Could you retype the lines below, starting at the line holding "Question Nationale PV 4 Novembre" and stopping at the line holding "toyota wiring diagrams archives binatanicom", inclusive? Copy them exactly and drop the images.
[Provided data — start]
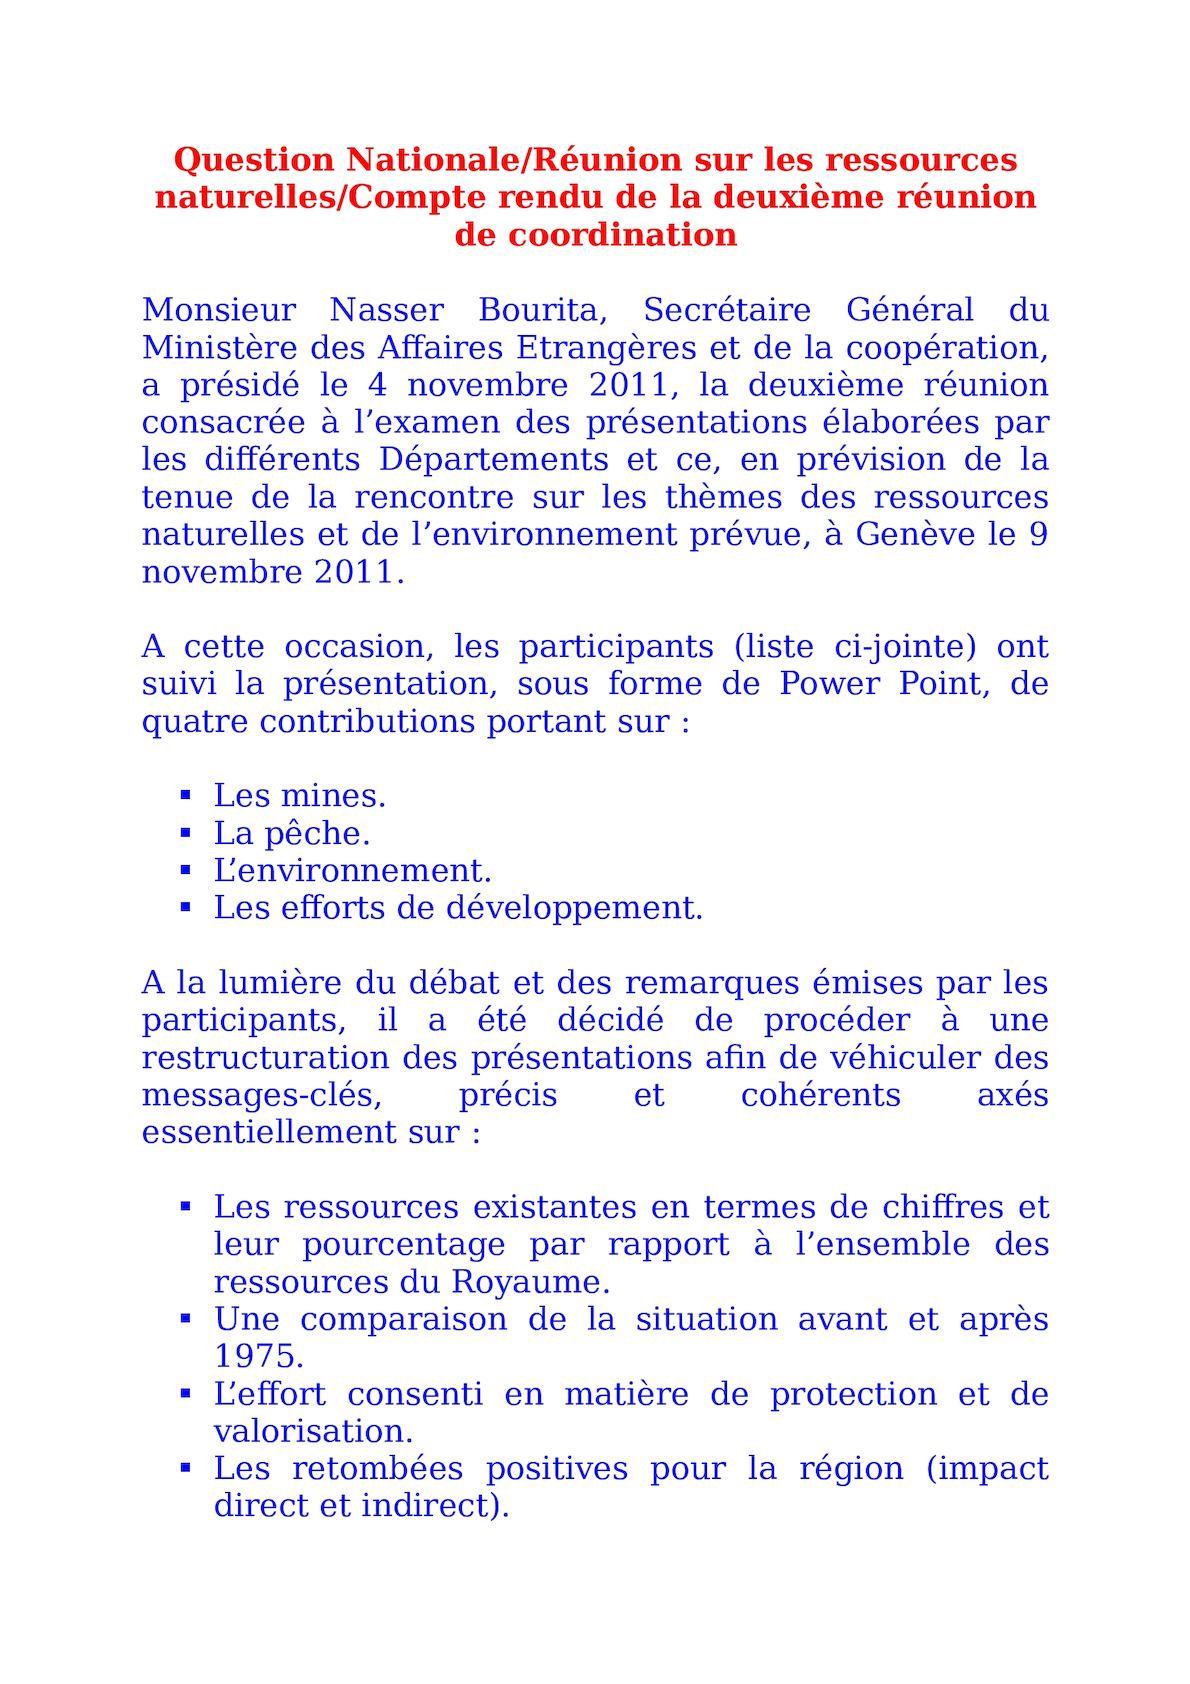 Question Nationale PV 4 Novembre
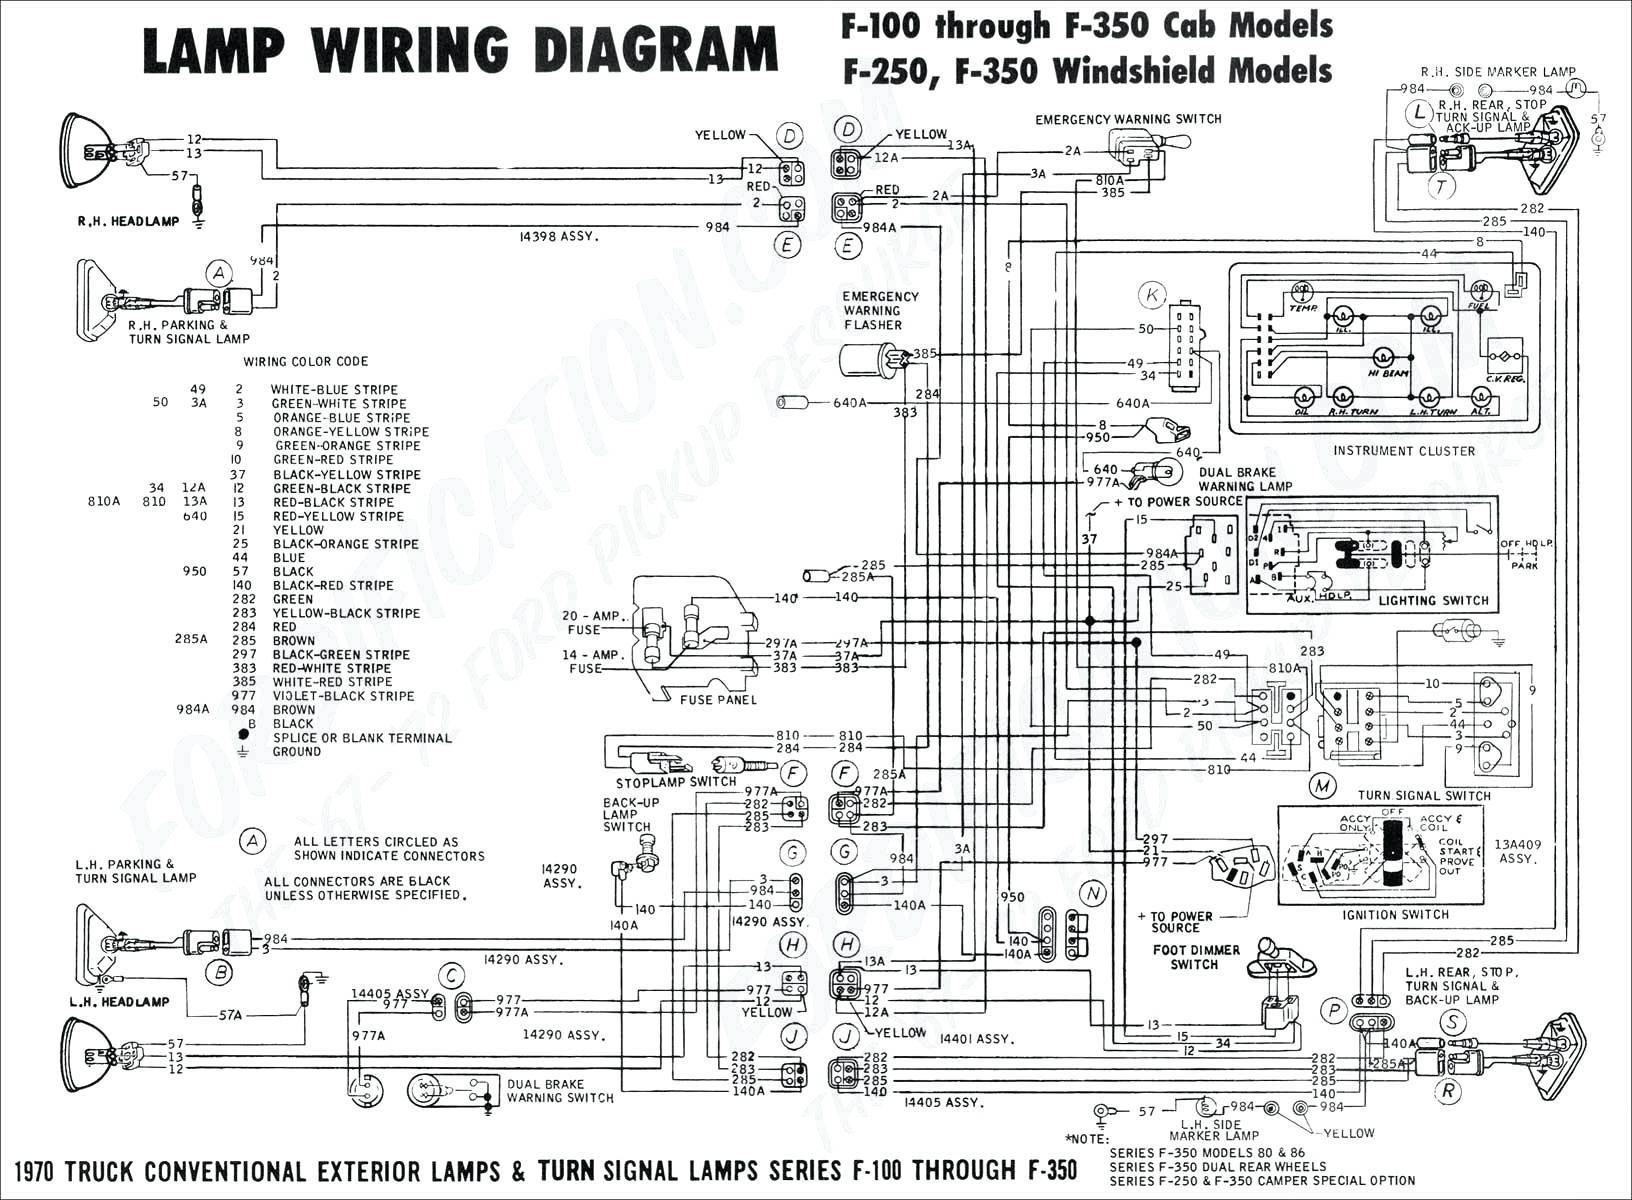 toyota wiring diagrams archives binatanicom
[Provided data — finish]
[Provided data — start]
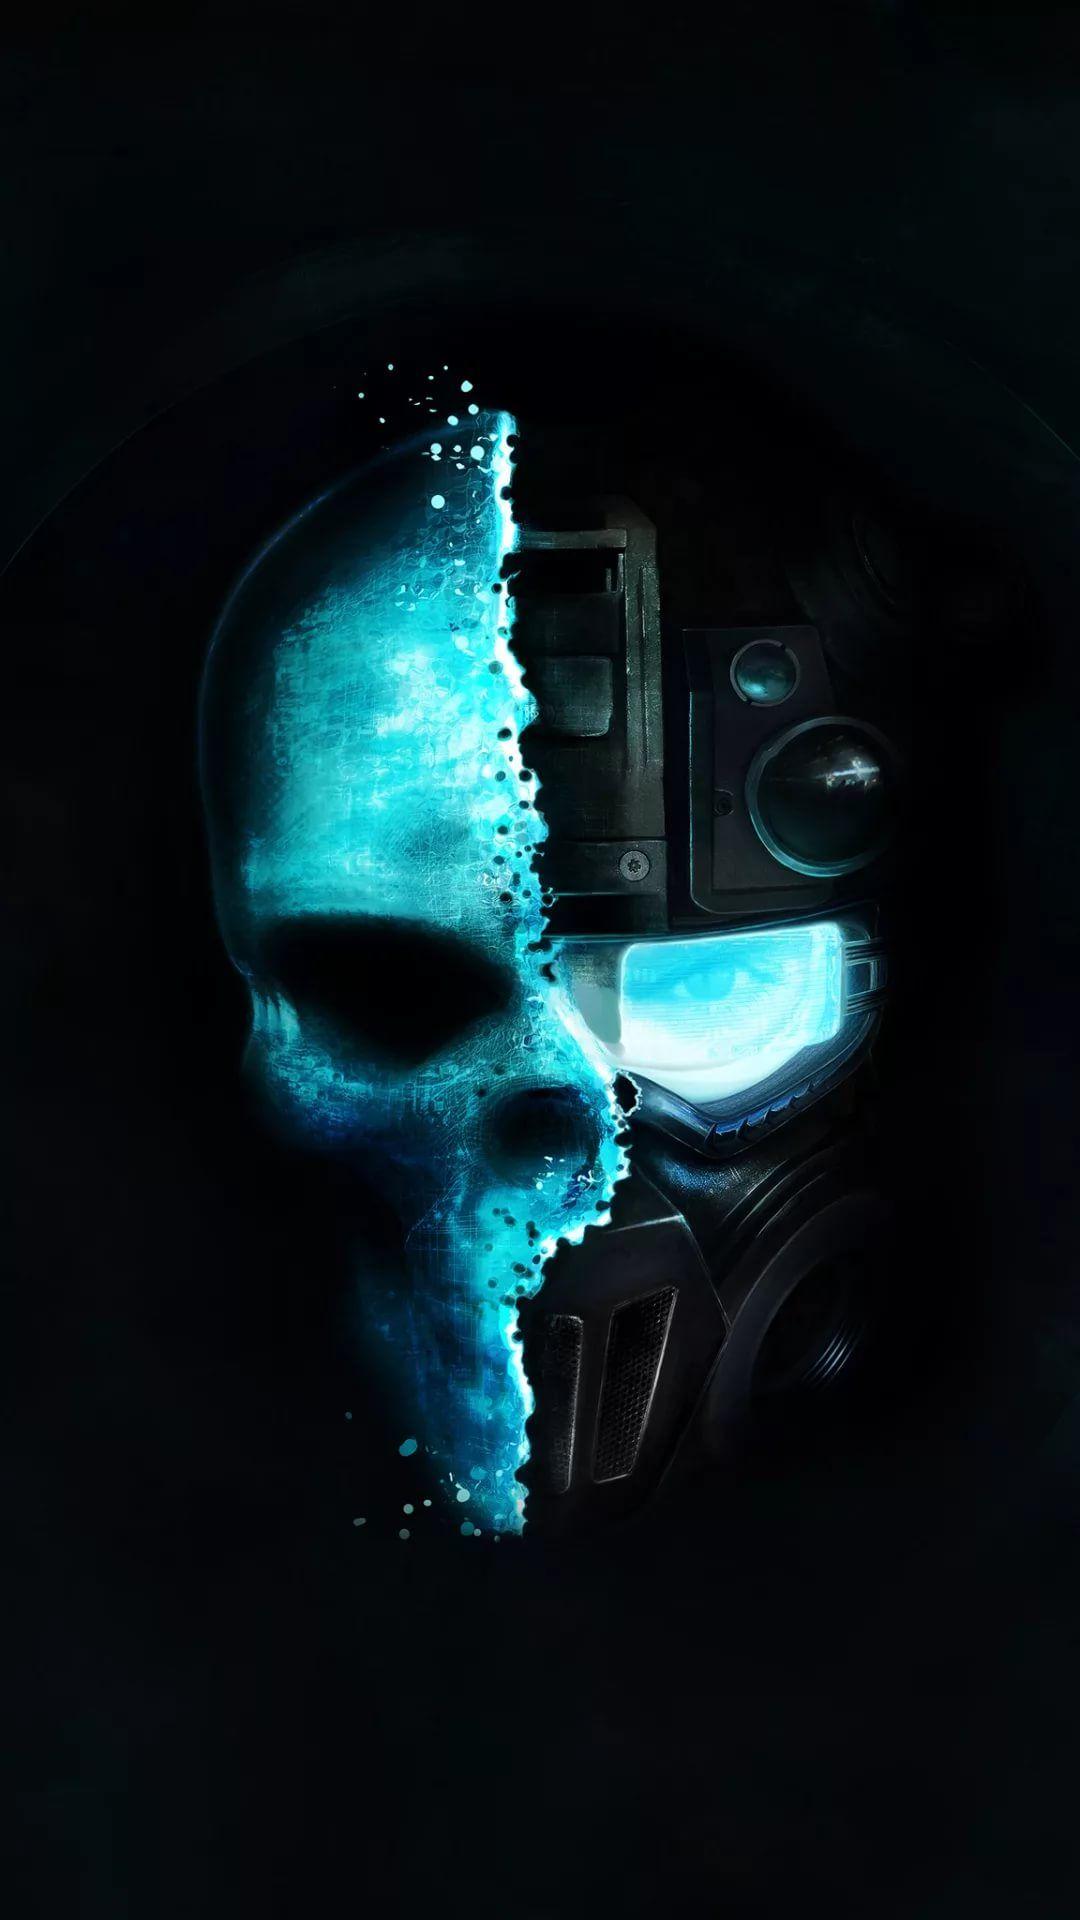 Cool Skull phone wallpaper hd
[Provided data — finish]
▶ Solved exercise
 Question Nationale PV 4 Novembre
 toyota wiring diagrams archives binatanicom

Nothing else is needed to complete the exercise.